As feridas de una violência que ainda não terminou, continuam carcomendo a sociedade colombiana. O governo nacional deveria ter construído os anticorpos de uma abstenção que certamente tem origens complexas, mas entre cujas motivações constam a despolitização e a apatia. Se já se sabia que isto poderia ser assim, não ter feito nada é um sintoma de profunda inépcia, que poderá ter para Santos um imenso custo político. E, para a Colômbia, o custo de centenas de vidas desperdiçadas, de milhares de jovens abandonando novamente o país, de milhões de esperanças rotas.

A abstenção eleitoral nunca fortaleceu as instituições democráticas e foi sempre um bálsamo para as aspirações regressivas dos setores mais reacionários da sociedade. Isso ocorre na Colômbia, como está ocorrendo também na Espanha. A democracia que se esvazia de eleitores, que exercem livremente seu direito à preguiça, à saturação e à indiferença política, esvazia-se também de conteúdo, o que fragiliza e trivializa seus resultados. Uma democracia vazia, postergada, inócua, impotente.
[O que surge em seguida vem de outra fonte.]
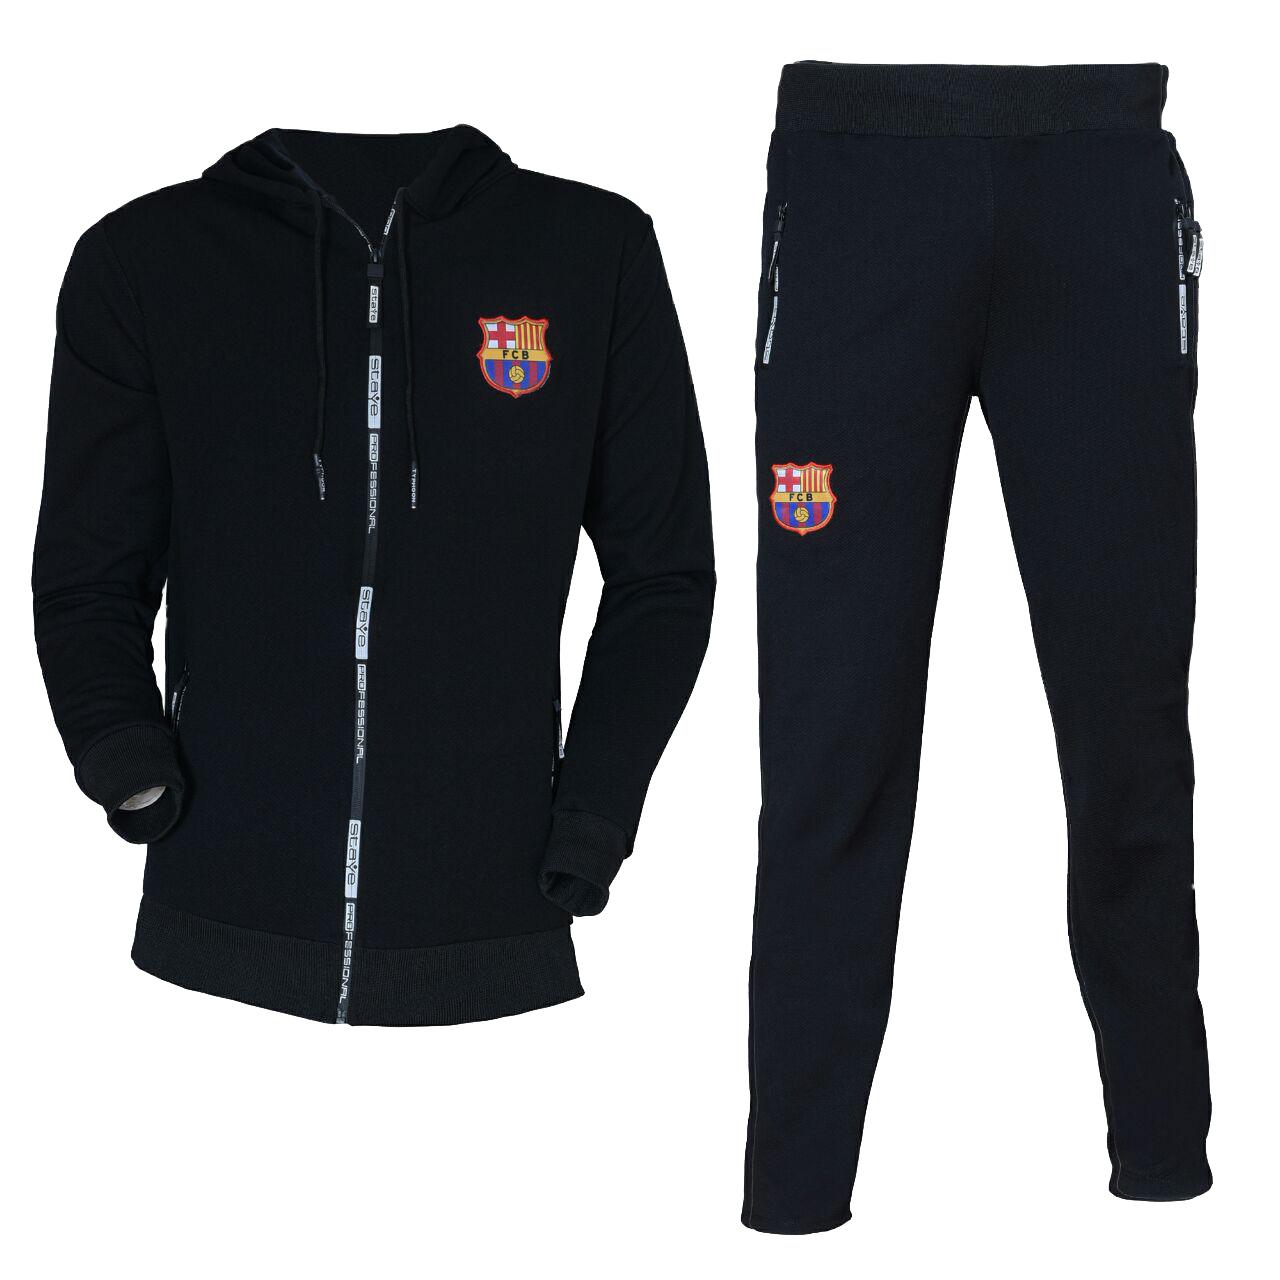 ست سویشرت و شلوار ورزشی مردانه طرح بارسلونا کد 5467

No domingo ganhou o “não me meto” e afirmou-se uma democracia de abstinentes que poderá desestabilizar os imensos avanços alcançados pelo governo do presidente Santos e pelas FARC. O grande desafio da paz terá que ser vencido na rua, porta a porta, olho no olho, mobilizando a sociedade e suas organizações, as escolas, as universidades e os sindicatos; as organizações populares e os organismos de direitos humanos; os coletivos juvenis, os estudantes, os camponeses, os povos indígenas e os afro-colombianos; as mulheres feministas e as não feministas; os militantes de todos os partidos que apoiaram e contribuíram para construir a paz; os trabalhadores e as trabalhadoras de toda a Colômbia; os empresários honestos e comprometidos com a construção de um país mais justo e democrático; em suma, esses milhões de colombianos e colombianas que sempre sofreram as consequências da guerra, o horror da violência, da morte, das desaparições, do deslocamento forçado, da destruição e do abandono. Na Colômbia, a paz será com eles e graças a eles. Ou não será nada.